Today! Because they didn’t burn down Rome in one day – you got to keep pluggin’ –
Melvin and Howard (1980)
Directed by Jonathan Demme
Starring Paul Le Mat, Mary Steenburgen, Jason Robards, Michael J. Pollard, Gloria Grahame, Robert Ridgely (x2), Charles Napier, Jack Kehoe (x2), Pamela Reed, John Glover (x3), Dabney Coleman, Elizabeth Cheshire
A very deceptive movie in its marketing and general awareness, Melvin and Howard ostensibly is about when milkman and all-around blue collar shlub Melvin Dummar met billionaire/eccentric/nutcase Howard Hughes in the desert one night and gave him a lift home. This is the scene that opens the film, and then isn’t mentioned again, for about an hour. And because of the bookending of the film with constant Hughes intrigue, not only did that become the focus of the movie, but everyone tends to forget the middle hour, as we watch the daily employment and marital struggles of Melvin, which is the key to the whole story.

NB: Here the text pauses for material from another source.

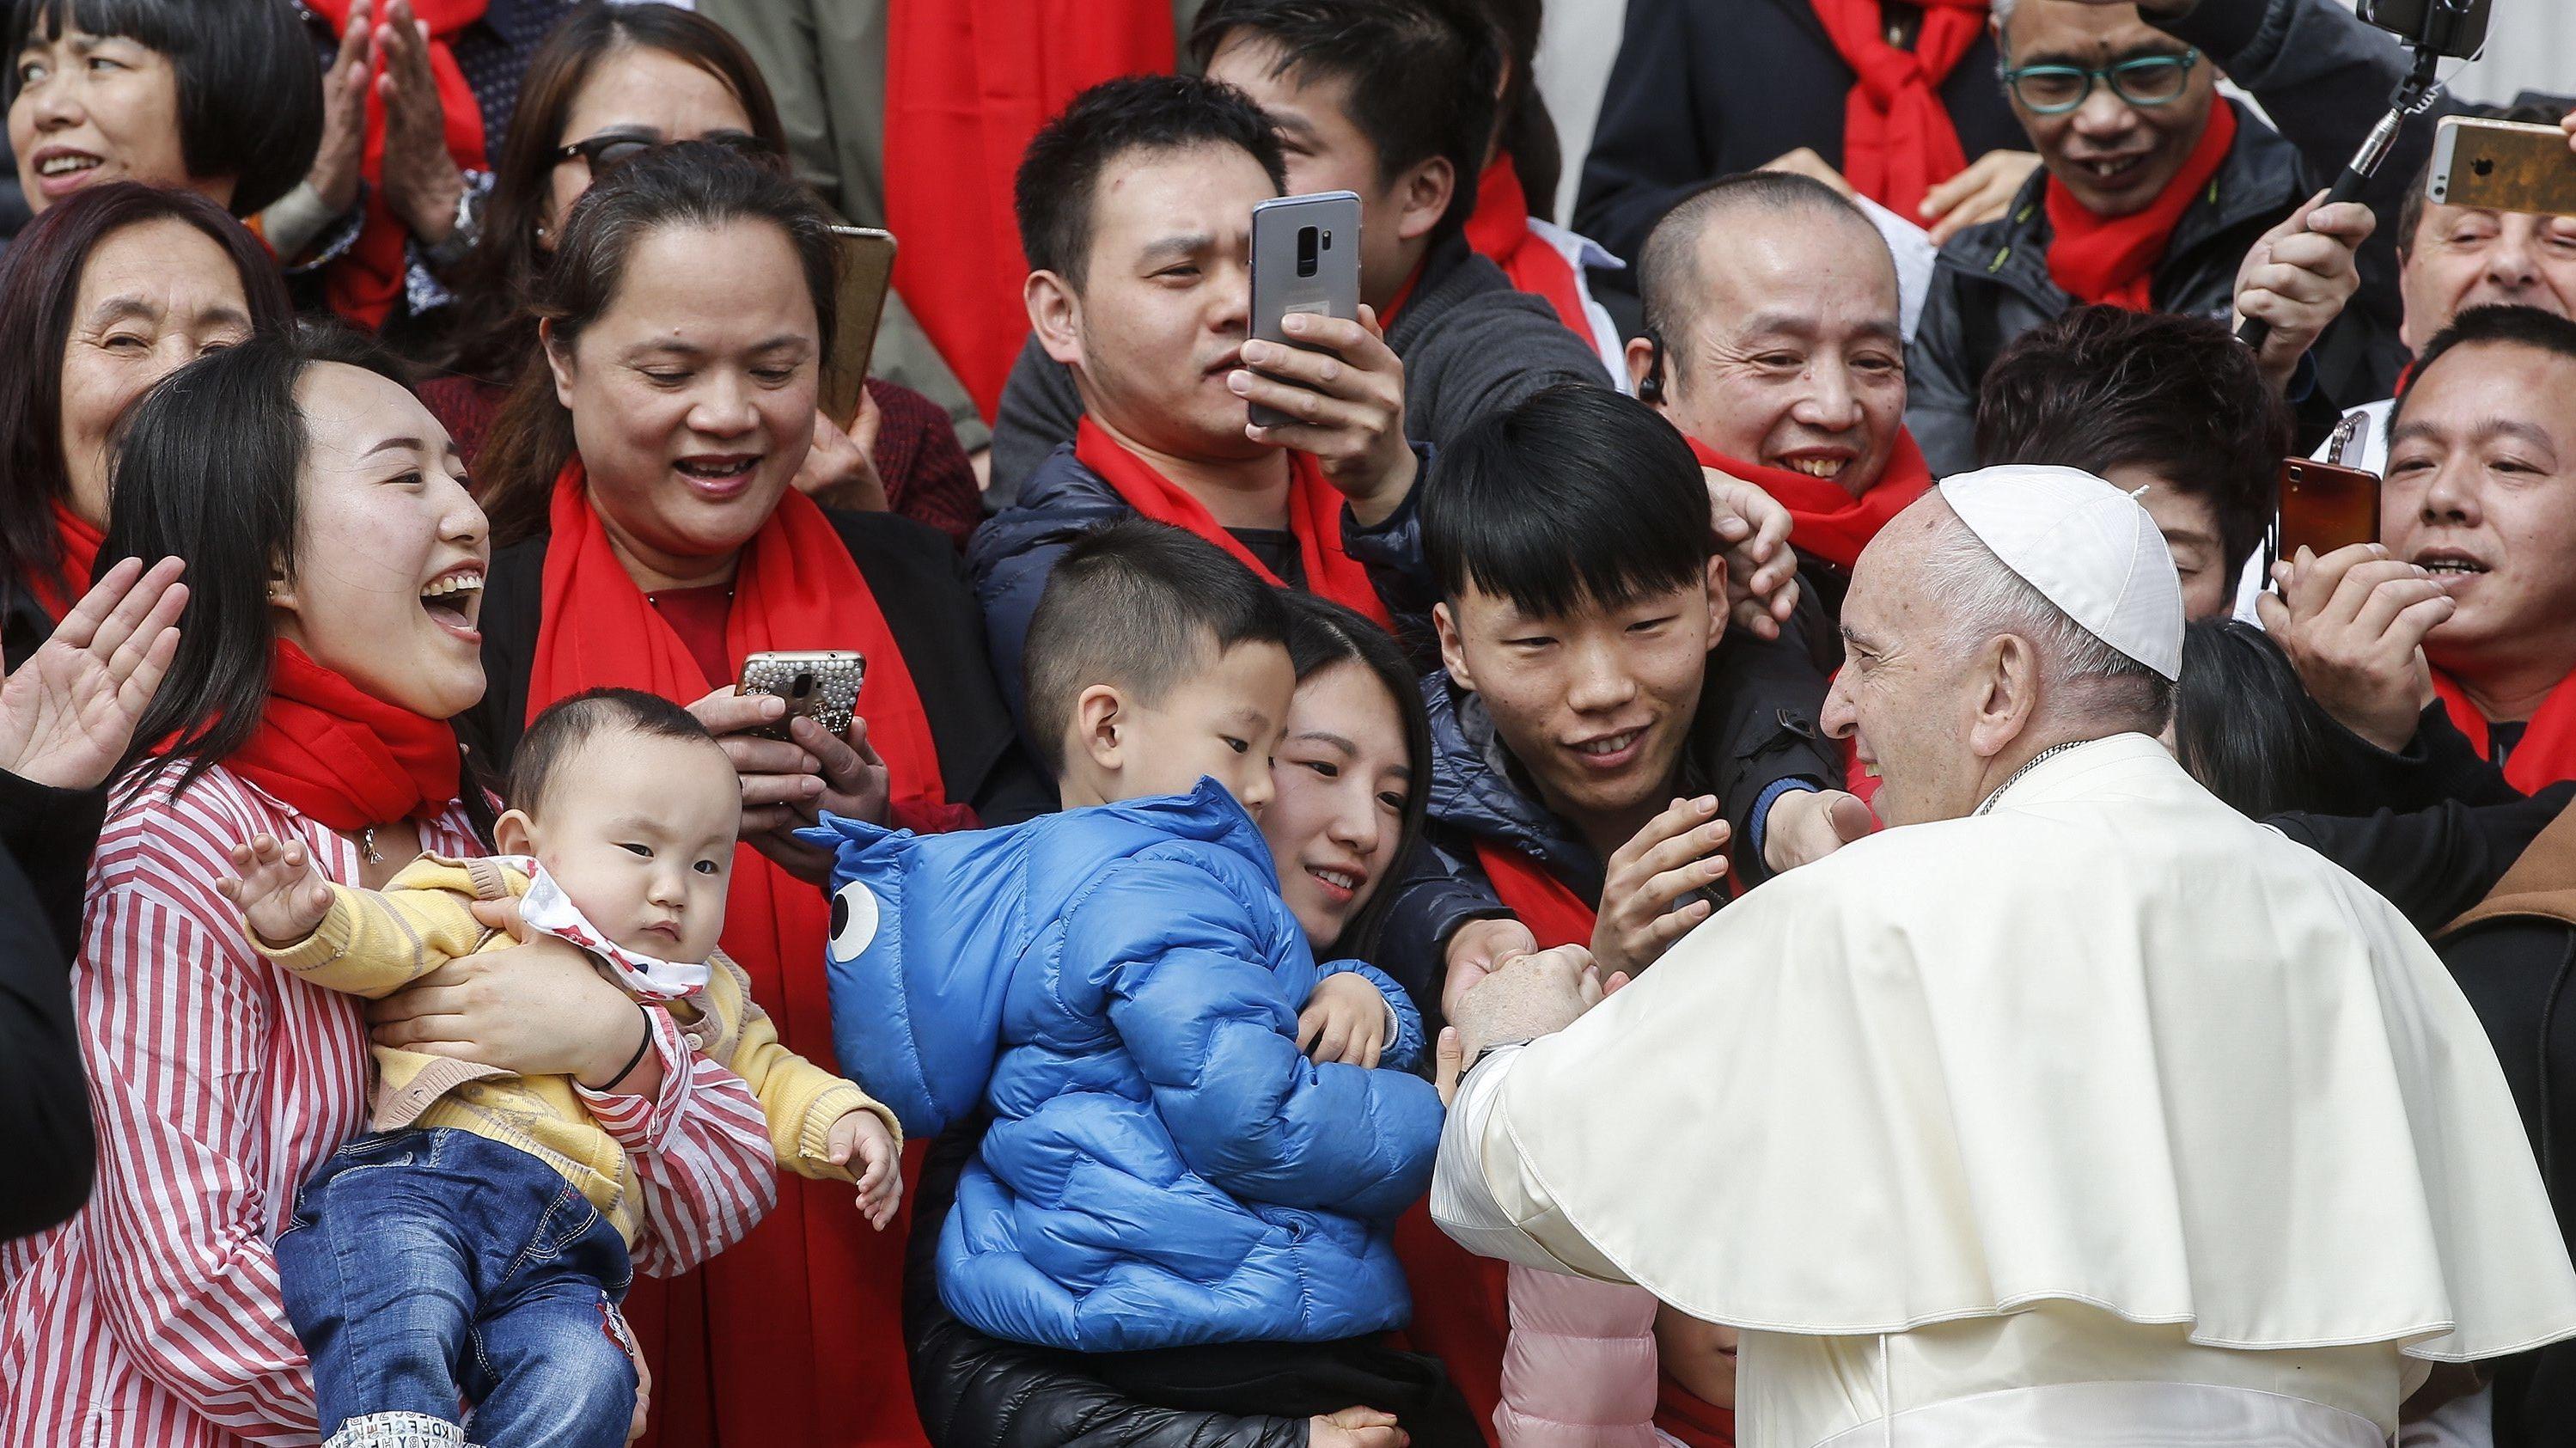 Papst Franziskus begrüßt Christen aus China nach einer Generalaudienz im Vatikan.

Otherwise, what really are you left with? Sure, Robards makes a great Hughes, but he’s in the movie for about ten minutes, and then is just mentioned endlessly, making it feel like he’s a much larger character. In fairness, the movie should’ve been titled Melvin and Lynda, as Mary Steenburgen has far more and trickier acting to handle, and rightfully won an Oscar for her efforts. The spurious will and debate is intriguing, and knots the whole film together, but (and this shouldn’t be much of a spoiler) with Melvin never really having a chance at the Hughes fortune, the dramatic heart of the movie defaults to Melvin’s good-natured bouncing from one setback to another across the story. You might be more an American Graffiti fan, but for my money, this is Paul Le Mat’s best work. Melvin could come off as a doofus, or a con man, or just super pathetic, but Le Mat’s delicate balance between these shades make for more of an endearing character than he probably deserves. Steenburgen and Robards got the lion’s share of attention, but it’s Le Mat’s steady work that drives the movie.

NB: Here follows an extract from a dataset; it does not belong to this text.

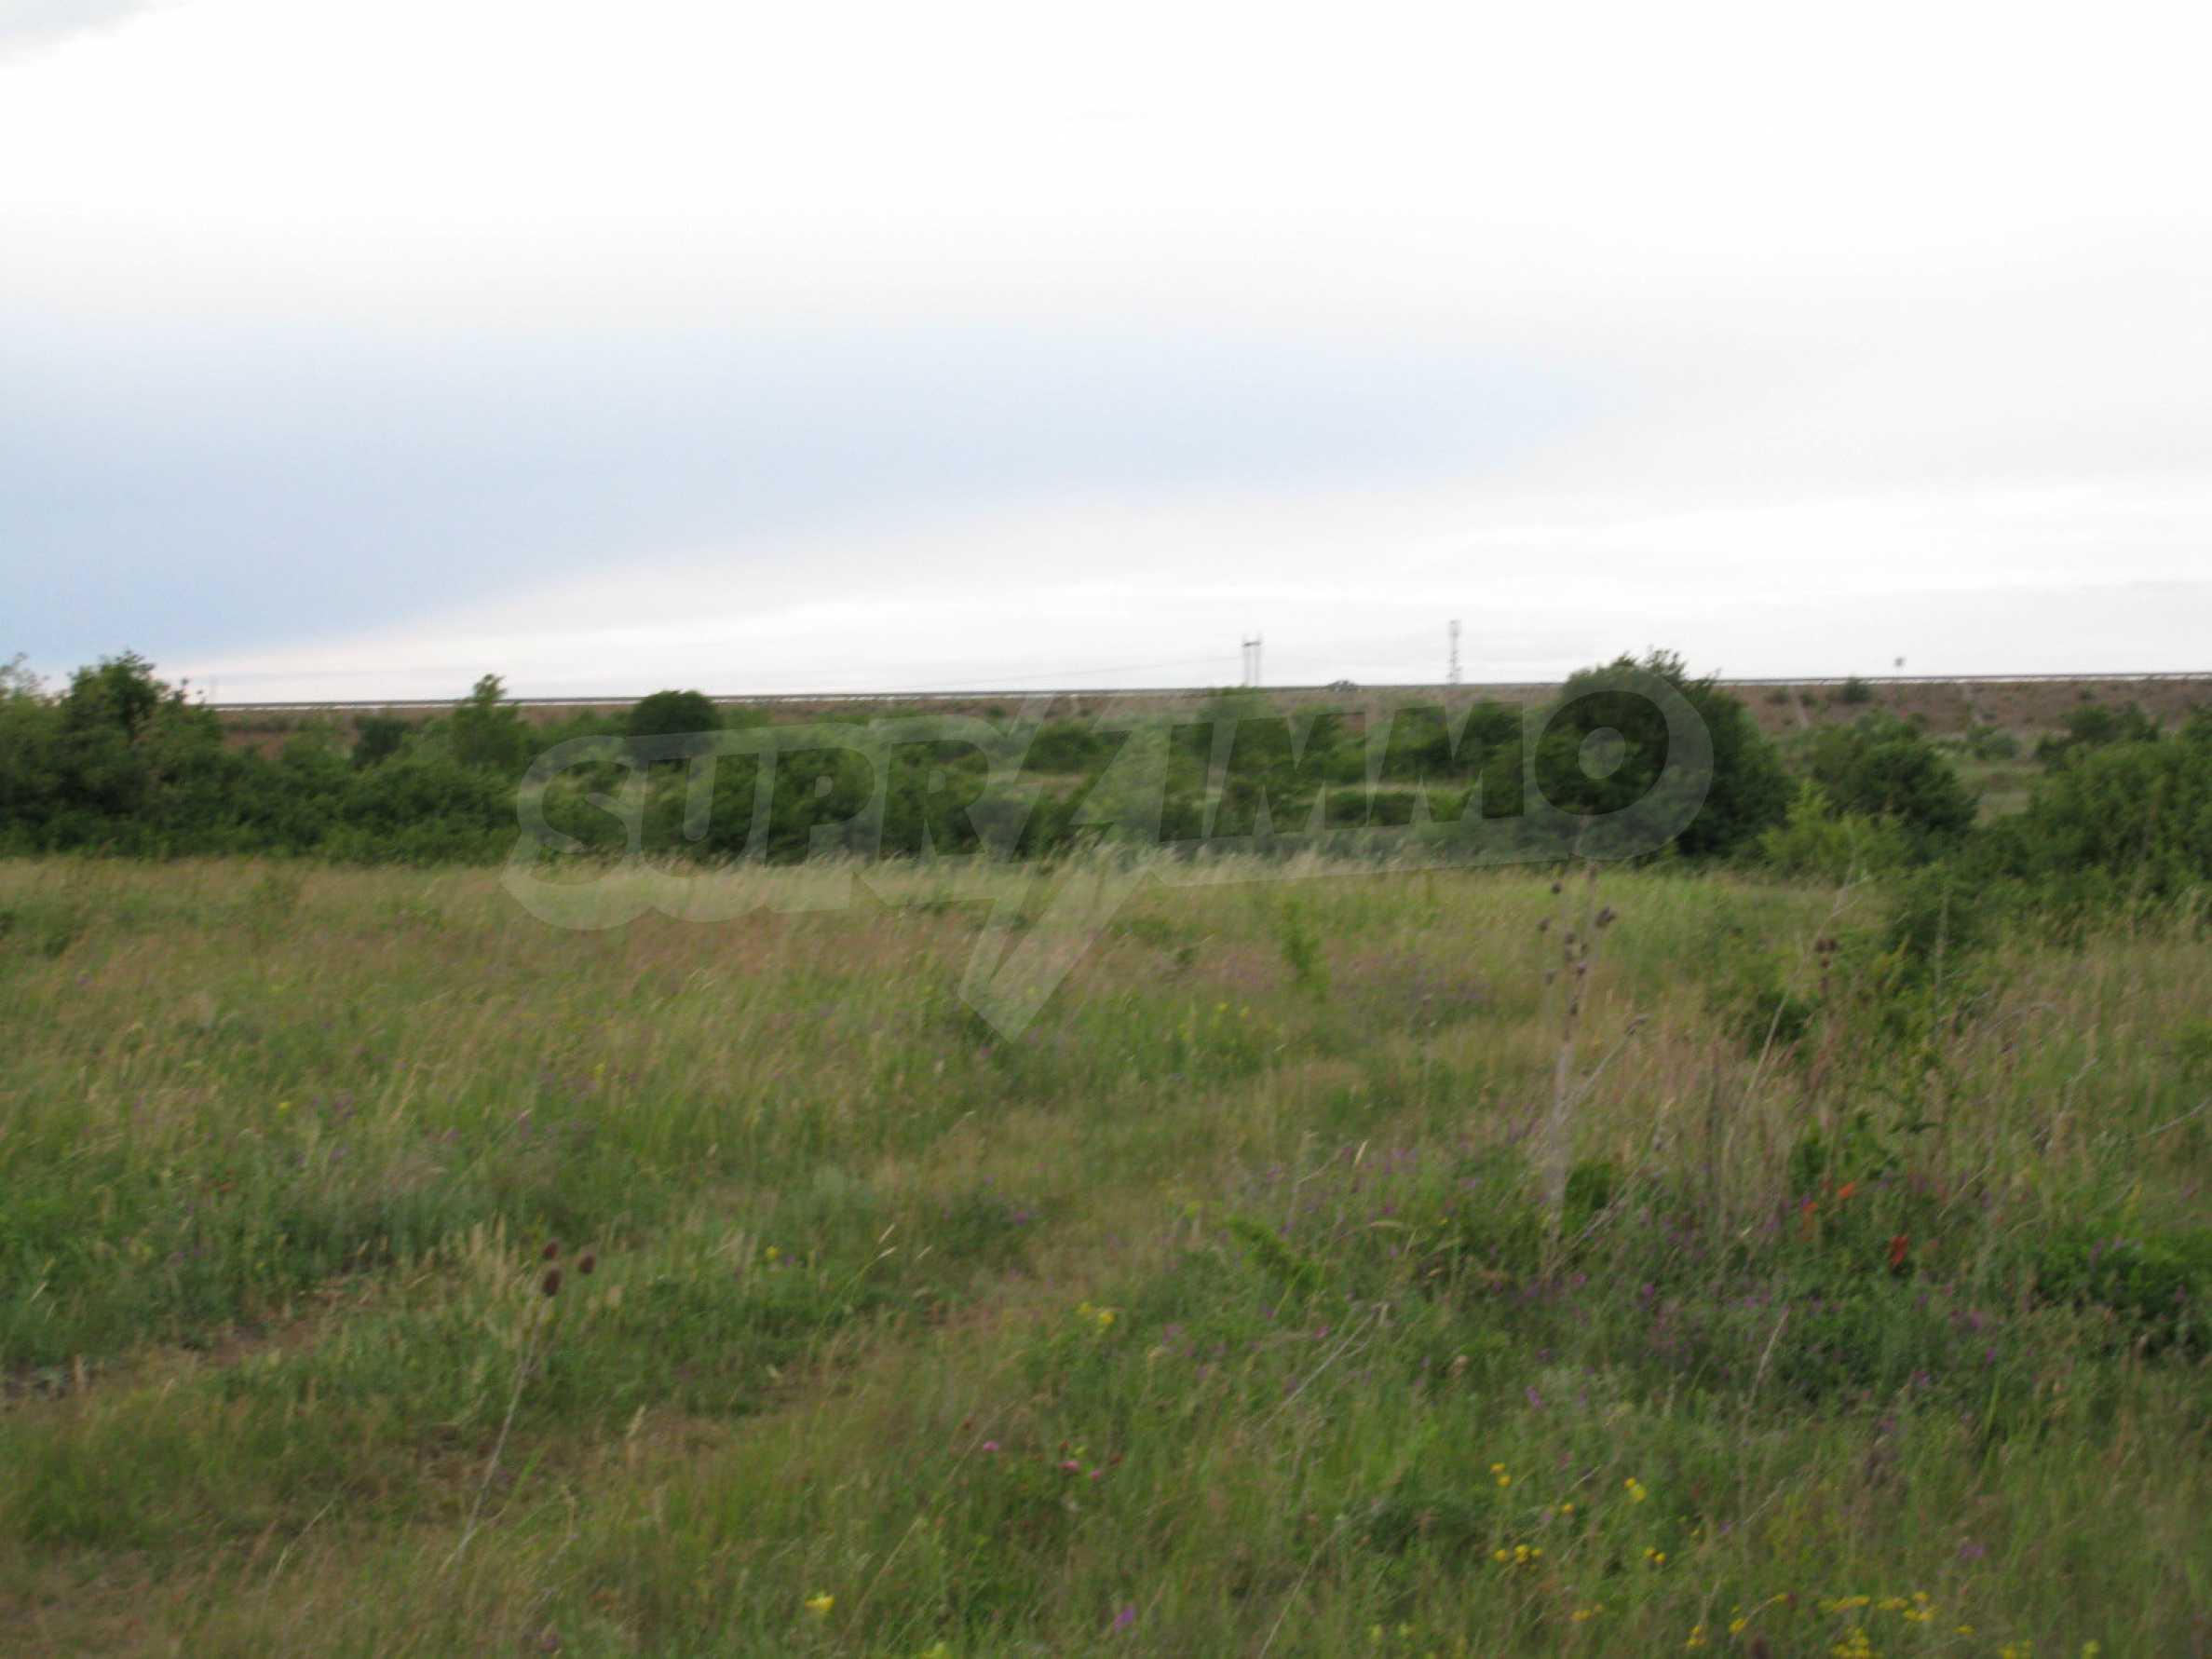 Ackerland in der Nähe eines Sees in Suhodol 23

The performances are great, and Demme’s solid pacing holds interest through the middle section – I wouldn’t really describe the structure of the movie as a fault, necessarily, but given that going in most viewers only know the movie is about Howard Hughes’ will, there is an anxious tendency to look forward to his reemergence in the story. Bo Goldman’s terrific screenplay functions better with less preconceived ideas – I only glancingly knew anything about this movie the first time I saw it – but it can be frustrating if Howard’s end of Melvin and Howard is all you’ve tuned in to see.
Along with Steenburgen, Goldman’s screenplay also won an Oscar – his second, following his adaptation of One Flew Over the Cuckoo’s Nest – and Robards was nominated, while both actors plus Le Mat and the film itself were nominated for Comedy/Musical Globes. But no where was the Best Dumb Christmas Song award given to Melvin for his drive time singalong “Santa’s Souped-Up Sleigh.” Boo!
Also as a sad bit of trivia, Oscar winner Gloria Grahame (best remembered as Violet in It’s a Wonderful Life) randomly turns up here, playing Lynda’s mother, and has literally no lines in the film. Her later life took a lot of weird turns (some of which are recounted in the movie Film Stars Don’t Die in Liverpool), including marrying her own former stepson, Shadows star Anthony Ray, and undergoing electroshock therapy after a nervous breakdown, because that was an actual treatment a licensed doctor would recommend in the 1960’s. But really, what is she even doing in Melvin and Howard?
Character actors abound in the Two-Timers club today, with Jack Kehoe (#354 The Untouchables) and Robert Ridgely (#395 Robin Hood: Men in Tights) joining up, as well as Three-Timer John Glover (#399 Payback and #325 Gremlins 2)!